Apart from that objection, Labor’s National Platform not only requires the government to comply with the convention and the treaties we have signed, it goes further, to require an audit of all federal legislation to ensure that it complies with Australia’s human rights obligations. On that basis alone, one would have thought that the government would, in the consolidation process involved in this bill, seek to confine the words prohibited by current Section 18C, to the Convention approach, not widen them.
There are several other provisions of this bill which are of concern. The first is clause 23 which introduces a general exception of justifiable conduct, not only relating to race but also to all the other protected attributes. The test is vague and subjective and has been criticised by, among others, the peak body of the legal profession, the Law Council of Australia in its submission to the current Senate Inquiry into the bill.
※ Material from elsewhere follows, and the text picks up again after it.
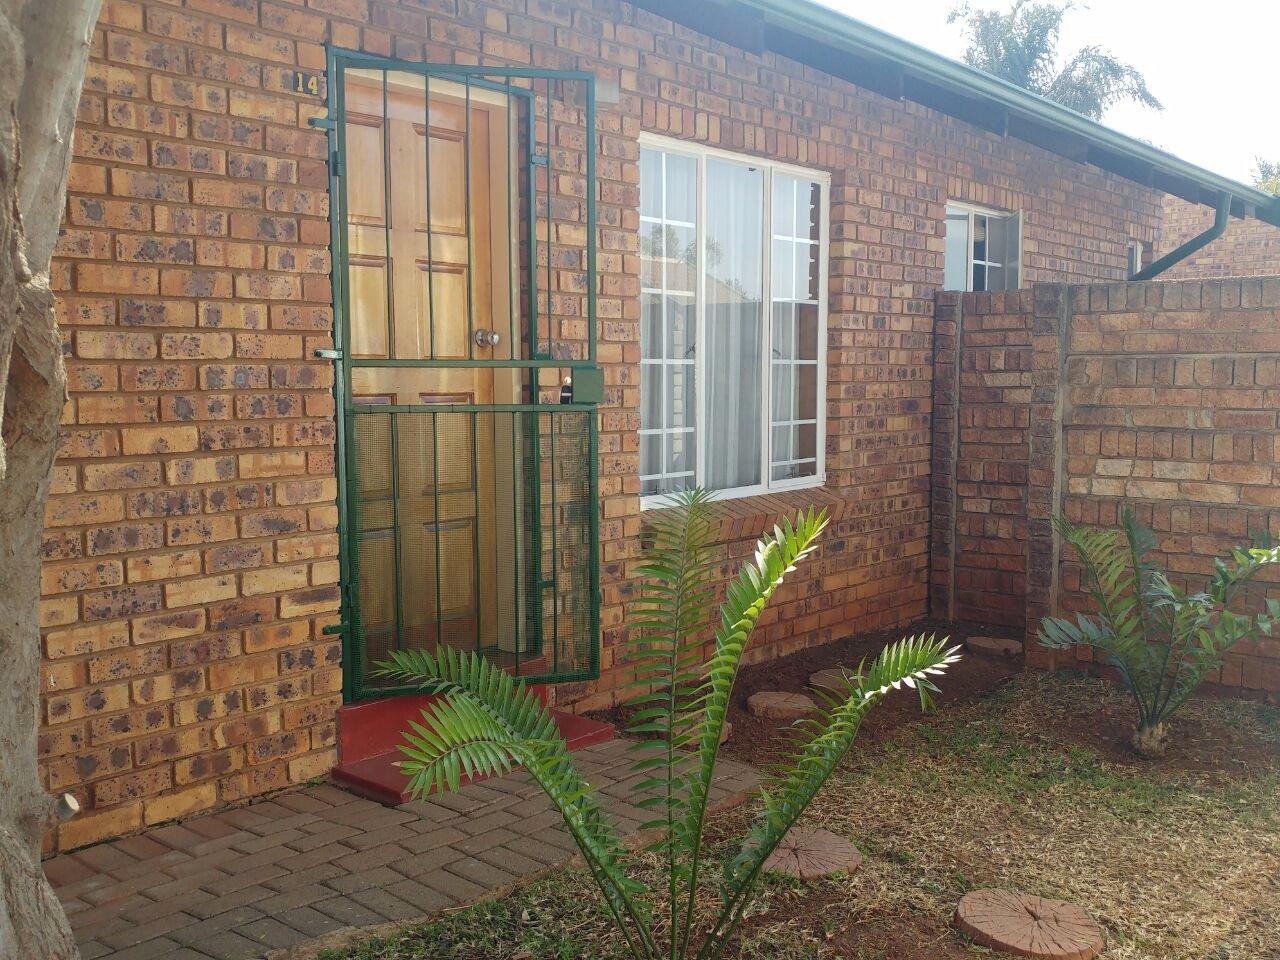 Pretoria, Moreletapark Property  | Houses For Sale Moreletapark, Moreletapark, Townhouse 2 bedrooms property for sale Price:929,000

To allow a vague and rather subjective test to be introduced for conduct or words which can be excepted from the act may allow substantial departures from the discrimination principles in the current Discrimination Acts in the future.
A further concerning provision is the re-definition of "special measures" which allow a government to positively discriminate in favour of a race to redress the damage caused by past racial discrimination. The new definition widens the special measures which could be taken and there is a suspicion that this, and the absence of any need to consult the affected race, may derive from a desire to protect the Northern Territory Intervention legislation, based as it is on alleged special measures, some of which discriminate against indigenous people.
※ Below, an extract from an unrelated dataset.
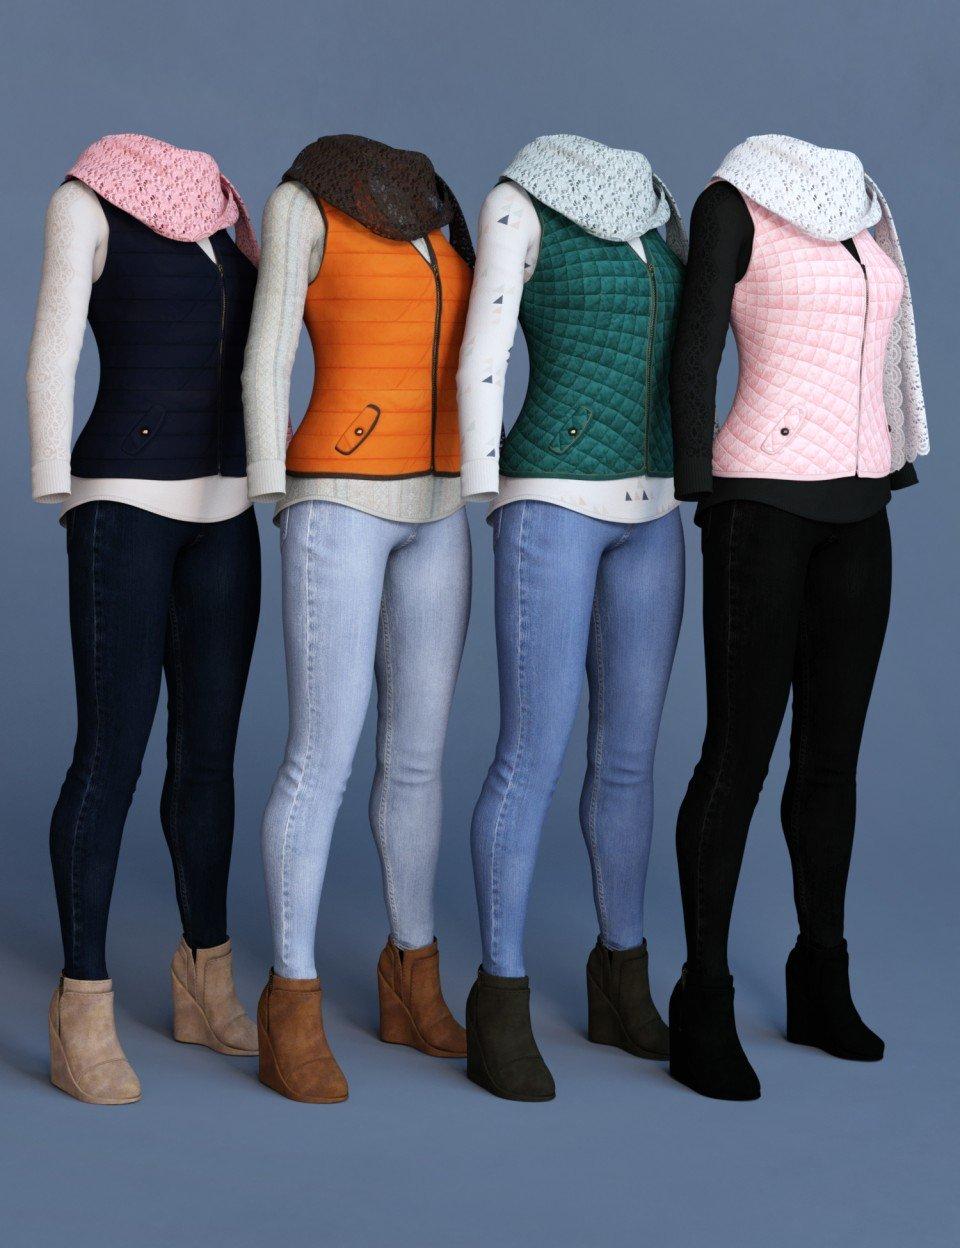 dForce Latte Mornings Outfit Textures_DAZ3D下载站

On the other hand many conservatives oppose positive discrimination, and the widening of that definition just supplies them with further ammunition. Why that is good politics is not clear. The RDA in particular uses the definition in the Convention and there seems no good reason why that definition should not be used in the new bill, especially when Labor’s National Platform requires it.
Another provision attracting criticism is clause 83 which gives the Human Rights Commission the power to grant "temporary" exemptions for up to five years for conduct otherwise prohibited by the proposed act. It is difficult to see any justification for such a power in relation to racial discrimination. This proposed power and the commission’s power to determine what are "special measures" (clause 80) effectively delegate law-making powers to the commission. Is this a good idea? We are dealing with fundamental rights here.
The bill also continues previous provisions exempting religious schools and institutions from many of the sanctions imposed on others. This is a political hot potato of course, but even some of the churches are now conceding that, for example, gay children and teachers should not be excluded from their schools. Perhaps it is time now for further consideration of at least some of these exemptions.
What may be happening here is that the government is pursuing political objectives and in the process may be unintentionally undermining its adherence to human rights standards. What Fred Hollows would make of this one wonders. He was buried in 2003 at Bourke Cemetery, not too far from the Oasis Hotel, in the region where he spent so much time trying to redress the effects of past racial discrimination. The federal Parliament should do the same — a good start would be to get this bill right.